Платэ врывался как тайфун:
-- Обедать ходили? -- И отрывал свой "итээровский" талон: - Я отстраняю
вас от работы, пока не пообедаете.
Как-то оставил на ее столе бутылку молока. Полина знала, что у Платэ
двое маленьких детей, и не притронулась к молоку. Платэ на другой день
раскричался так, что она тут же выпила бутылку залпом, зубы стучали о
горлышко.
-- Я вами доволен! - сказал он, когда она поставила бутылку.
Полина была убеждена, это он о молоке. Оказывается, не в молоке дело.
Он был дотошным, Платэ. Как и все на кафедре Казанского. Прежде чем
отправлять студенческую работу в печать, он заново разгонял на колонке
вещество, сам определял все константы, все рефракции.
А ныне он произвел это почти в ярости: когда Полину похвалил академик
Зелинский, кто-то пустил слух, что ей делают поблажки; если пересчитать
результаты ее опытов, наверняка там напутано.
Платэ перепроверил все, заставил считать аспирантку, которая, по его
подозрению, могла распустить такой слух.
- Я вами доволен, - повторил Платэ. - Все у вас сошлось до четвертого
знака.
Официальным оппонентом назначили академика Казанского. Полина пришла в
ужас. Опять он? Да что это за напасть?
Когда отвезла диплом Казанскому, казалось, что оставила там, на
Калужской заставе, свое сердце. Внутри пустота.
На защиту диплома пригласили академика Зелинского.
Он восседал во главе стола патриархом всея химической Руси, жестом
прогнал фотографа из газеты; тот, изгоняемый, успел все же сделать несколько
снимков, которые Полина хранит теперь вместе с фотографиями родных.
Задавал вопросы академик Казанский -- въедливо, со своей постоянной
улыбочкой. Добряк Платэ поинтересовался тем, что, по его убеждению, Полина
изучила назубок, - ответила ему быстро и виновато.
Патриарх молчал, покачивая головой в черной академической шапочке;
сделав несколько записей в своем блокноте, сказал деловито, что эту работу
туда же...
Полина вышла из аудитории со стесненным сердцем. Куда -- туда же?..

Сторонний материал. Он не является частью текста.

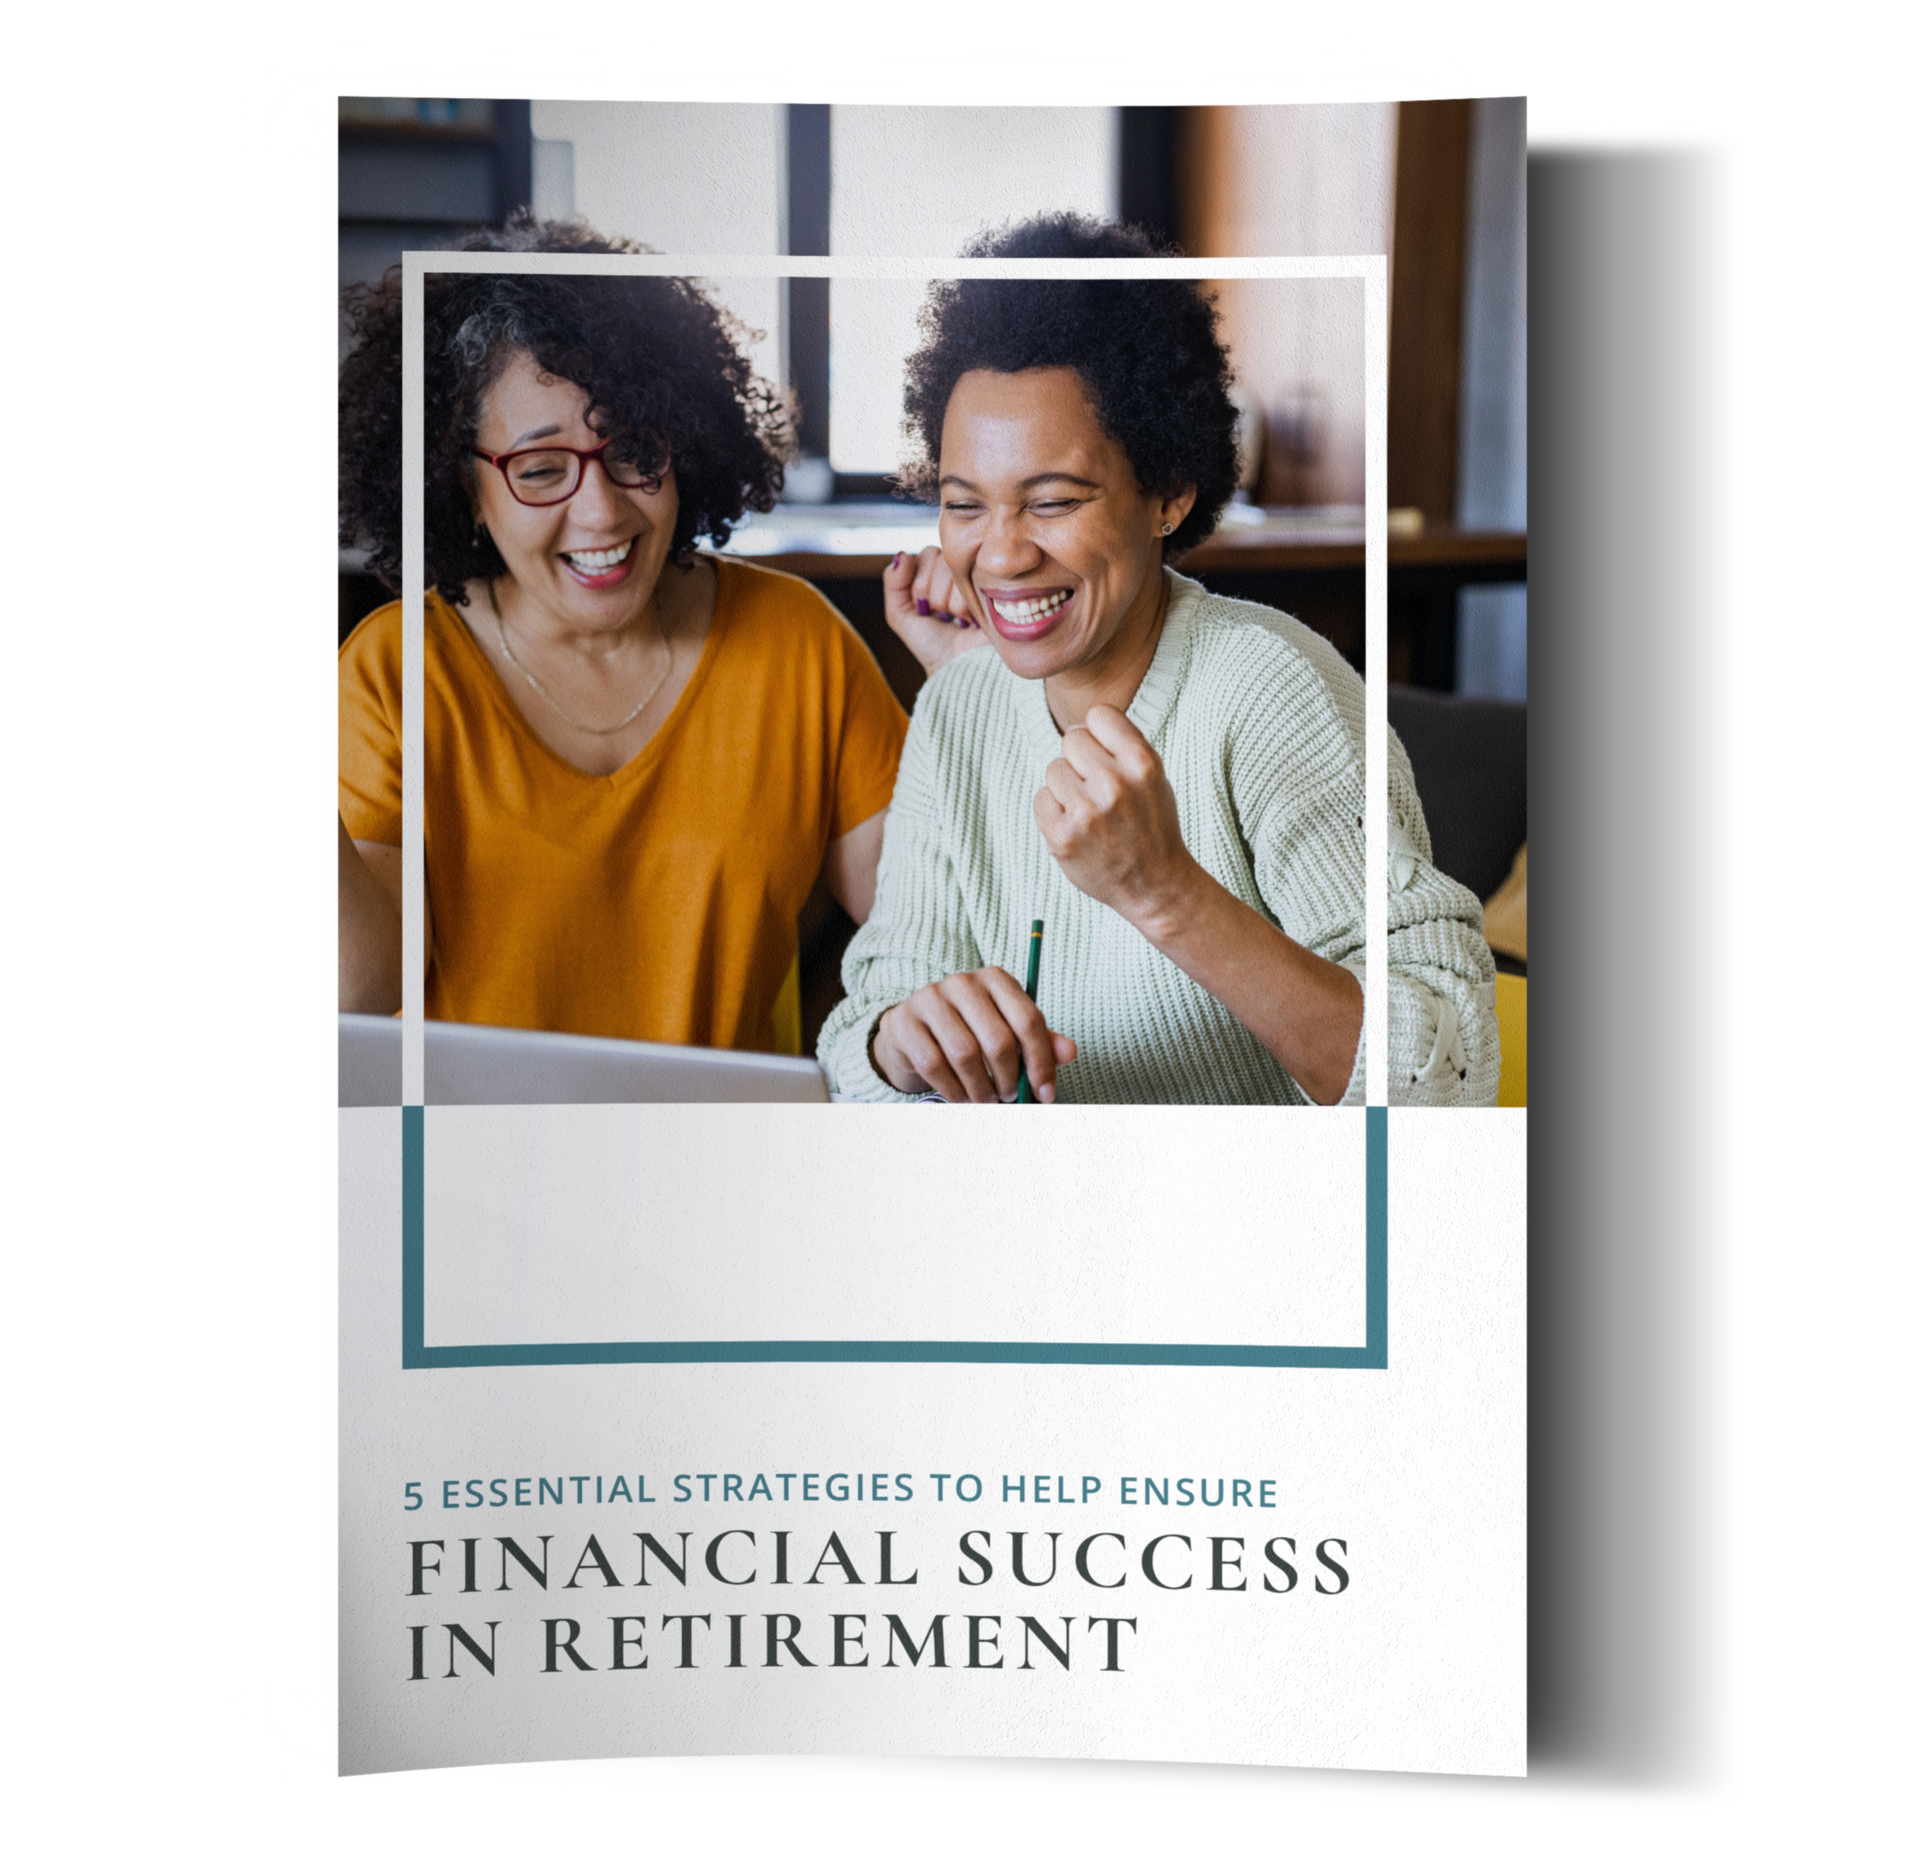 5 Essential Strategies to Help Ensure Financial Success in Retirement

Оказывается, на конкурс дипломных работ; позднее Полине вручили
Почетную грамоту, на которой был нарисован кубок, - видно, грамота
предназначалась для футболистов. Под кубком напечатали, что она заняла на
конкурсе университетских работ второе место.

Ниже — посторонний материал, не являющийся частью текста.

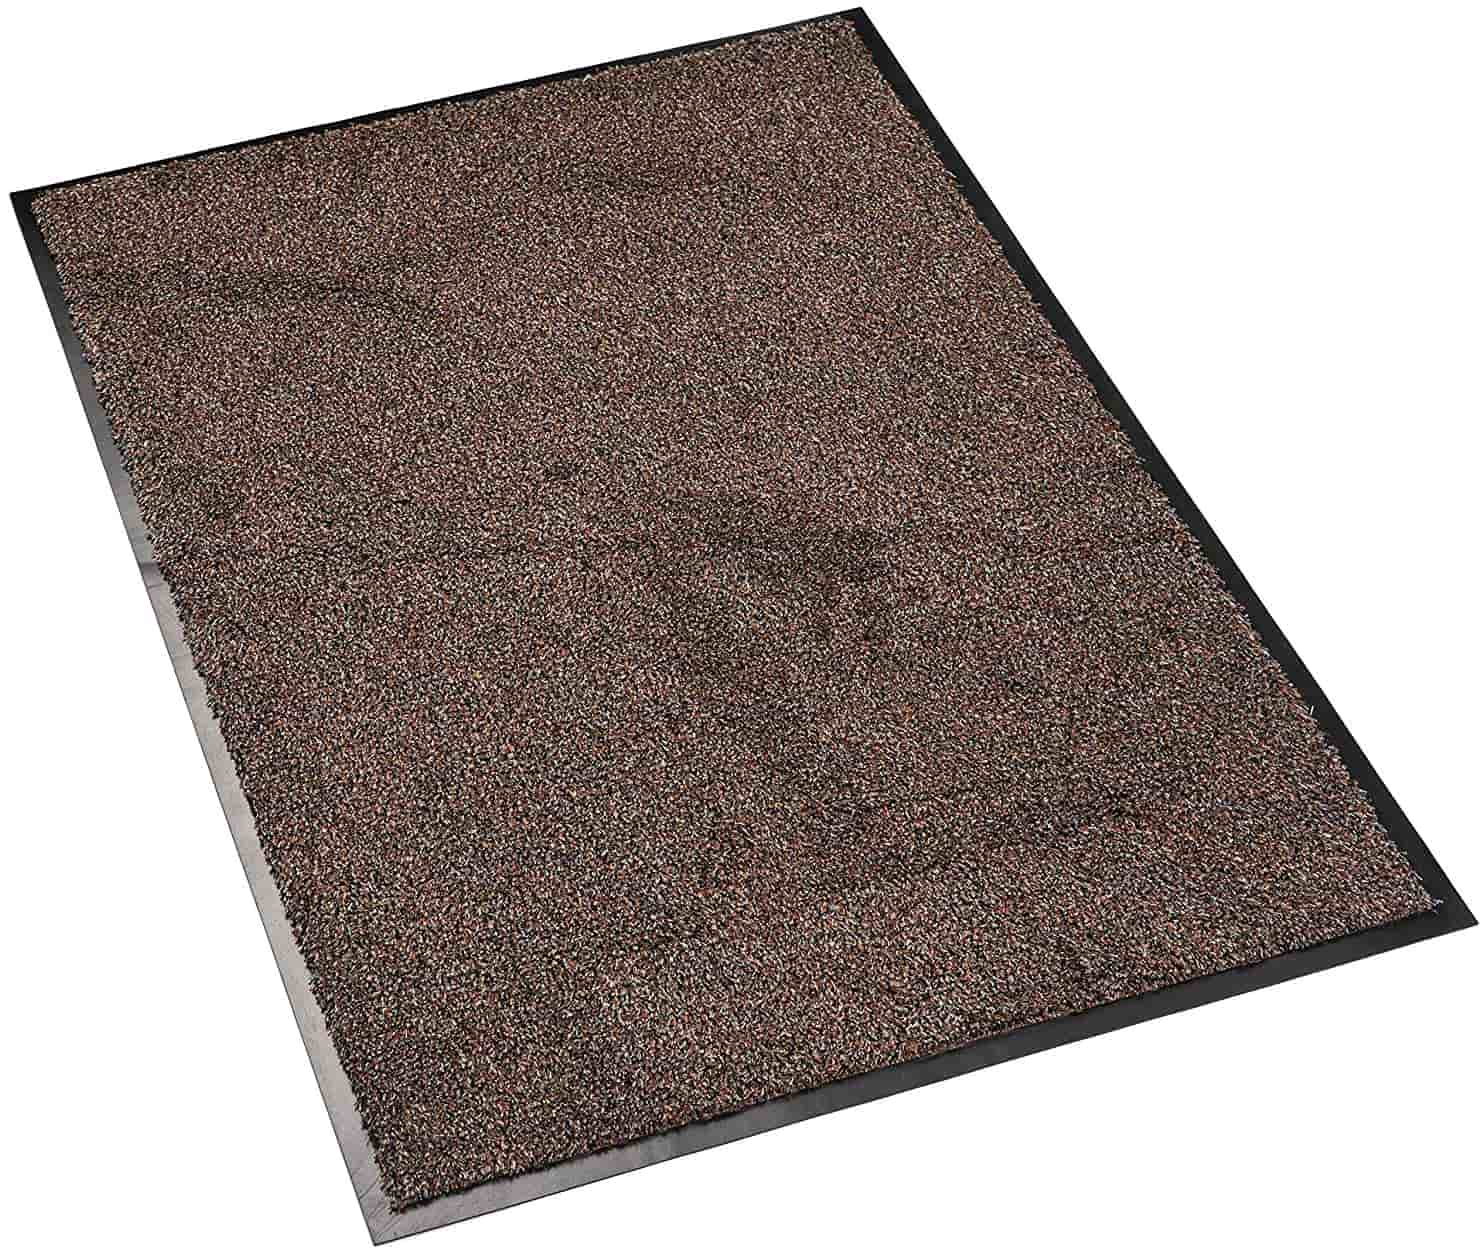 Dandy Washamat Doormat 80 x 50cm Copper Fleck William Armes Cotton with Vinyl/Rubber Backing

- Ну что? - торжествовал Платэ. - Я же сказал. Все сошлось до
четвертого знака...
Еще раньше, сразу после защиты диплома, жена Платэ, дочь академика
Зелинского, испекла в честь ее диплома пирог. Платэ подарил на память свою
книжку... Полина сбросила туфли, взобралась на ковровый диван с ногами,
вместе с шестилетним Федюшкой, сыном Платэ, с которым они всегда были
большими друзьями, и читала Федюшке есенинское "К матери", а когда он
нетерпеливо заерзал - "Собаку Качалова".
На другой день Полину вызвали к академику Казанскому. Казанский сказал,
как всегда, сухо, что он был бы не против, если бы Полина пошла в
университетскую аспирантуру. К нему, академику Казанскому.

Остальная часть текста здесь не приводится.